Gibt es im Spanischen nichts mehr als "Conciencia".

Scheint mir sehr begrenzt, alles auf "Conciencia" zu belassen!


----------



## Aurin

*conciencia**. RAE*
(Del lat. _conscientĭa,_ y este calco del gr. συνείδησις).

*1. *f. Propiedad del espíritu humano de reconocerse en sus atributos esenciales y en todas las modificaciones que en sí mismo experimenta.
*2. *f. Conocimiento interior del bien y del mal.
*3. *f. Conocimiento reflexivo de las cosas.
*4. *f. Actividad mental a la que solo puede tener acceso el propio sujeto.
*5. *f._ Psicol._ Acto psíquico por el que un sujeto se percibe a sí mismo en el mundo.

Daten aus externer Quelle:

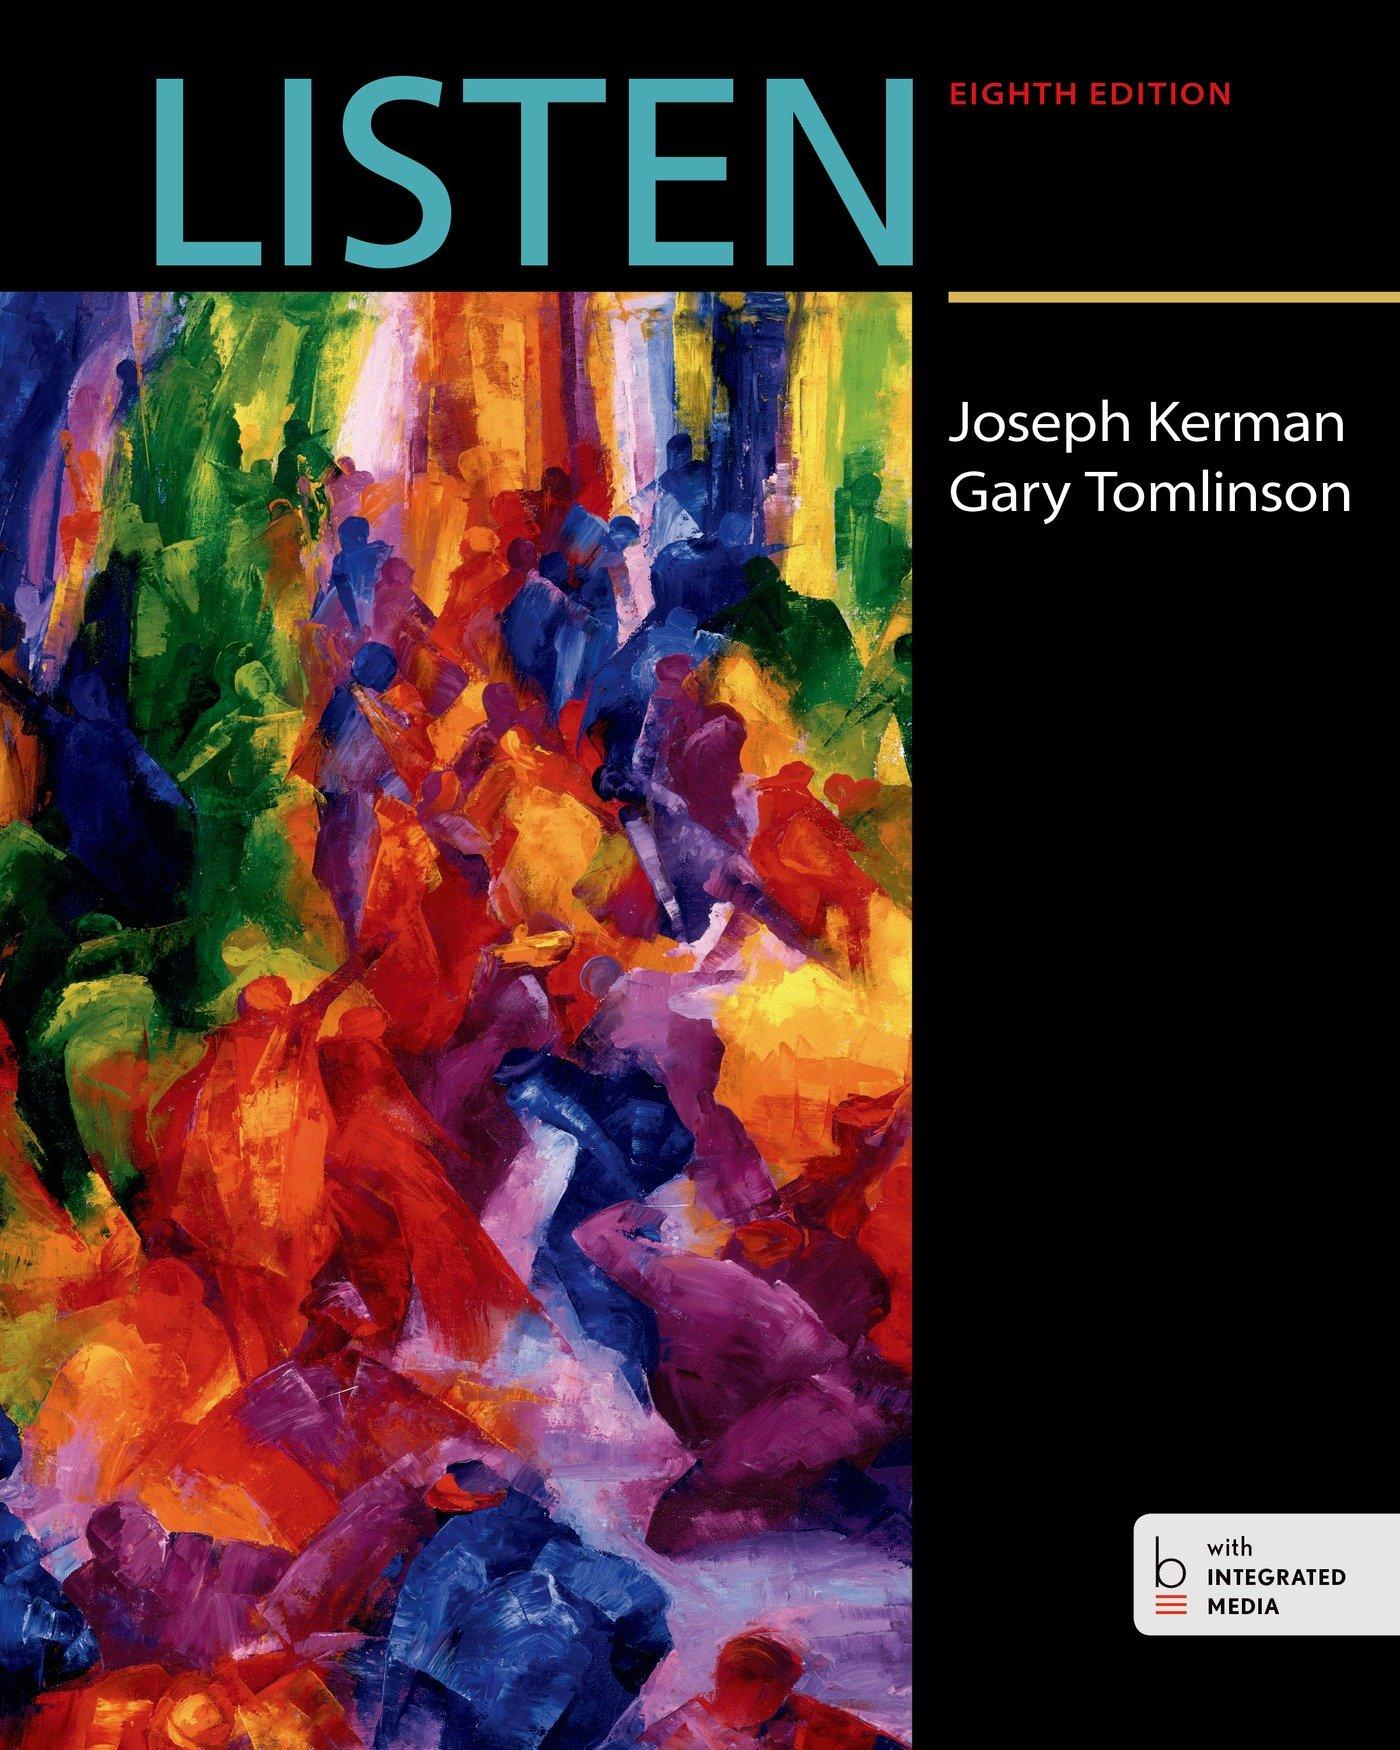 Listen professor of music joseph kerman university gary tomlinson listen professor of music joseph kerman university gary tomlinson 9781457669859 music amazon canada fandeluxe Images

Conciencia hat eine umfassendere Bedeutung als Bewusstsein. Auch awareness kannst du mit Bewusstsein übersetzen. 
Mir fällt noch ein Verb ein: darse cuenta - gewahr werden
Es kann auch substantiviert werden: el darse cuenta


----------



## starrynightrhone

John Marcos said:


> Gewahrsein wie awareness im Englischen.
> 
> Gewahrsein, dass dir Frieden inmitten all des Aufruhrs bringt!


 

Es tut mir leid, aber ich verstehe diesen Satz nicht ganz.

Meinst du, "Gewahrsein, das", also als Relativsatz, oder "Gewahrsein, dass"? In letzterem Fall fehlt im Nebensatz das Subjekt. Der erste Fall (mit Relativsatz) ist grammatikalisch richtig, ich kann mir allerdings keinen Kontext vorstellen, wo ich das sagen würde. 

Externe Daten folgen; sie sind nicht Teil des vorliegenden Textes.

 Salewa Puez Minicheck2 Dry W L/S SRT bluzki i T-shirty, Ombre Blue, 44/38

Aurin, ist auch "cognición" möglich? 

"La cognición, que paz..." ?


----------



## Aurin

Hier habe ich ein Dokument gefunden, in dem "darse cuenta" mit awareness übersetzt wird (Seite 6):
Así , por ejemplo desde el punto de vista cognoscitivo se podría estudiar el “darse cuenta” (awareness) en el nivel instinctivo....


----------



## Aurin

starrynightrhone said:


> Es tut mir leid, aber ich verstehe diesen Satz nicht ganz.
> 
> Meinst du, "Gewahrsein, das", also als Relativsatz, oder "Gewahrsein, dass"? In letzterem Fall fehlt im Nebensatz das Subjekt. Der erste Fall (mit Relativsatz) ist grammatikalisch richtig, ich kann mir allerdings keinen Kontext vorstellen, wo ich das sagen würde.
> 
> Aurin, ist auch "cognición" möglich?
> 
> "La cognición, que paz..." ?


Mir geht es ähnlich, dass ich den Satz nicht ganz verstehe. Ich vermute, dass es ein Relativsatz sein soll. Auf jeden Fall wäre ein vollständiger Satz wichtig, um die beste Übersetzung zu finden.
Cognición und conocimiento könnten eventuell auch dienen.


----------



## John Marcos

*Freunde, ich fühle mich in guter Gemeinschaft!*

Bin hier neu, aber ALLE eure Antworten haben ihren "Thrill"! Schön!

Ich denke, die Idee ist grammatikalisch ein Relativsatz.

Die Gesamtidee ist folgendermaßen:

Zum Beispiel: 
1. Ein solches Gewahrsein bringt dir Frieden inmitten all des Aufruhrs.
Oder: 
2.  Ein solches Gewahrsein bringt Ruhe im Raum der Erschöpfung.
3. Ein solches Gewahrsein bringt Versöhnlichkeit im Augenblick, in dem Feindseligkeit und Wut auftreten könnten.
4. Ein solches Gewahrsein bringt eine größere Liebe zum Leben, als du je zuvor erfahren hast.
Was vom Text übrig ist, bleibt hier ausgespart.